New Technology guides Autonomous Vehicles safely through a highly uncertain environment
MIT researchers have developed a trajectory planning system for autonomous vehicles that allows them to travel from a starting point to a destination location even when there are many different uncertainties in the environment.
The vehicle and the researchers who programmed it don’t know much about this environment. MIT researchers have developed a technique that could help this spacecraft land safely. Their approach can allow an autonomous vehicle to plot a provably safe trajectory in highly unsafe situations, where there are multiple uncertainties about environmental conditions and objects that the vehicle could collide with. The technique could help a vehicle find a safe course around obstacles that move in random ways and change shape over time.
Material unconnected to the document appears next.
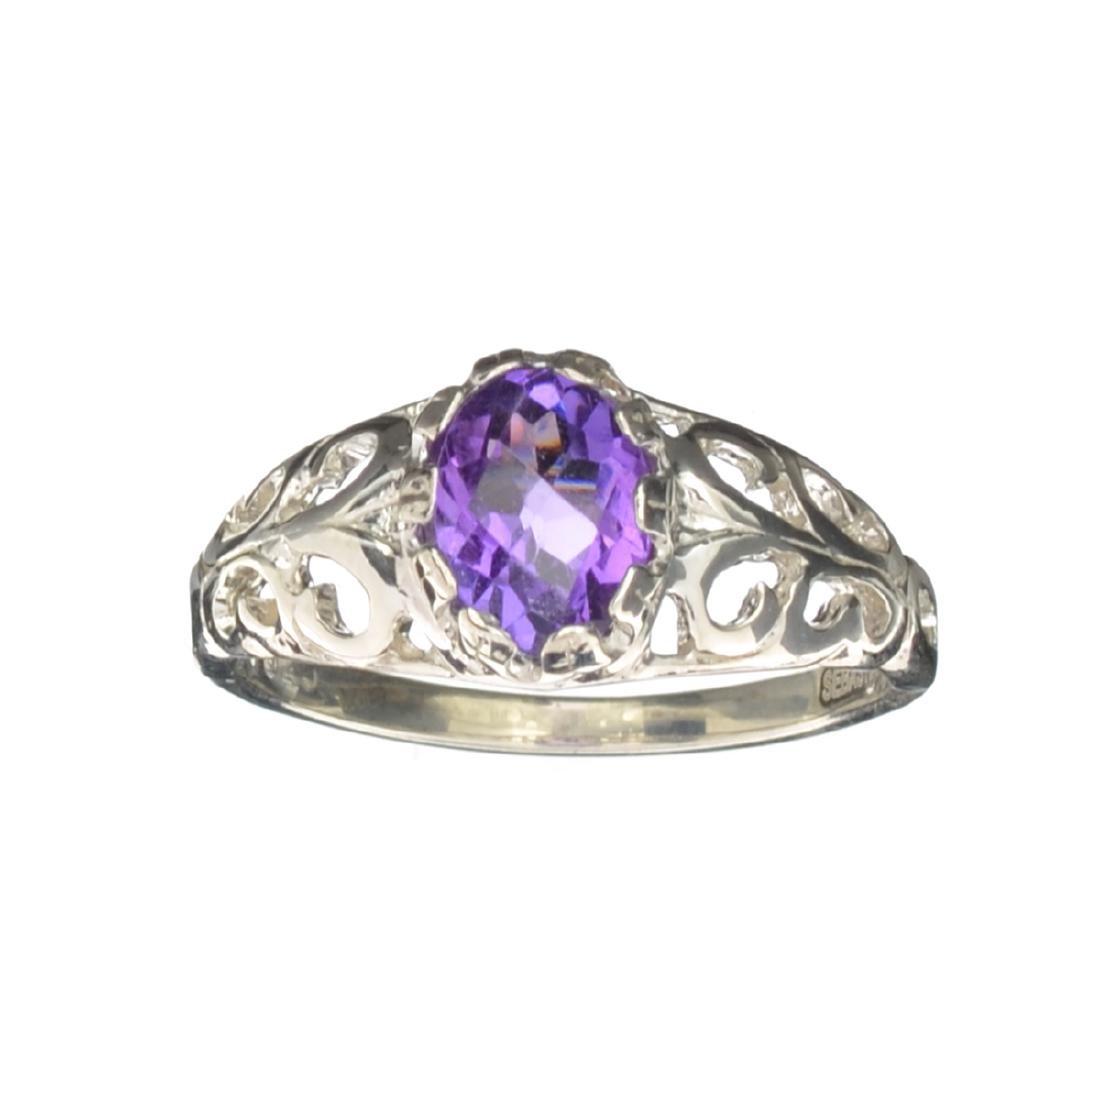 APP: 0.5k Fine Jewelry Designer Sebastian, 1.08CT Oval

It records a safe trajectory to a target region even when the vehicle’s starting point is not known exactly and when it is unclear exactly how the vehicle will move due to environmental factors such as wind, ocean currents or rough terrain.
This is the first technique that allows tackling the problem of trajectory planning with many simultaneous uncertainties and complex safety constraints, says co-lead author Weiqiao Han, a graduate student in the Department of Electrical Engineering and Computer Science and the Computer Science and Artificial Intelligence Laboratory (CSAIL). .
The Researchers evaluated the technology using several simulated navigation scenarios. In one, they modeled an underwater vehicle that plotted a course from an unsafe position around a series of oddly shaped obstacles to a target region. It was able to safely reach the target at least 99 percent of the time.
They also used it to map a safe trajectory for an aircraft that avoided multiple 3D flying objects of uncertain sizes and positions and could move over time while strong winds affected its movement.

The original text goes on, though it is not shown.